Ttest_indResult(statistic=-0.08896538137868286, pvalue=0.9291556823993485)

In [0]:
0.9291556823993485 > 0.1

True

Due to the pvalue being 0.9291556823993485, I **fail to reject** my null hypothesis that the support for the democrats and republicans for the water project bill are of equal support with a confidence level of 90%

# **Stretch Goal**

In [0]:
#A function where you only have to plug in the bill name and it will output the ttest for the specified bill
def ttest_func(column):
  return ttest_ind(dem[column], rep[column], nan_policy='omit')

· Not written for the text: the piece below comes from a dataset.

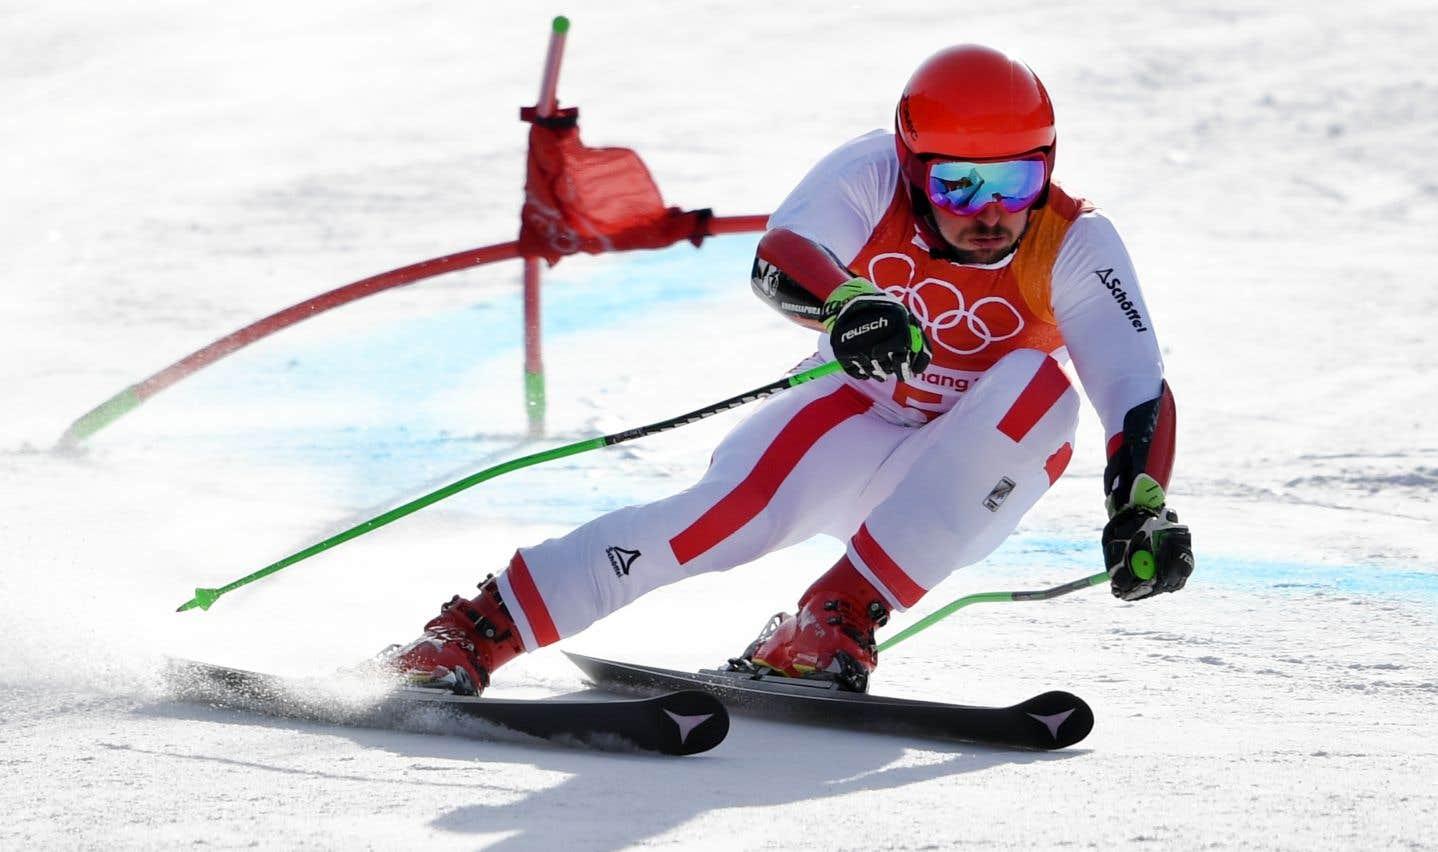 Après la médaille d'or au combiné, l'Autrichien Marcel Hirscher a ajouté le titre olympique du slalom géant à son palmarès.

null Hypothesis: There is no difference of support for the crime bill

$\bar{x}_{1} == \bar{x}_{2}$

Alternative Hypothesis: There will be a difference of support for the crime bill

$\bar{x}_{1} \neq \bar{x}_{2}$

Confidence level: 95%

In [0]:
#utilizing the ttest_func function
ttest_func('crime')

Ttest_indResult(statistic=-16.342085656197696, pvalue=9.952342705606092e-47)

In [0]:
9.952342705606092e-47 < 0.05

True

Due to the pvalue being 9.952342705606092e-47, I **reject** my null hypothesis that the support for the crime bill are of equal support.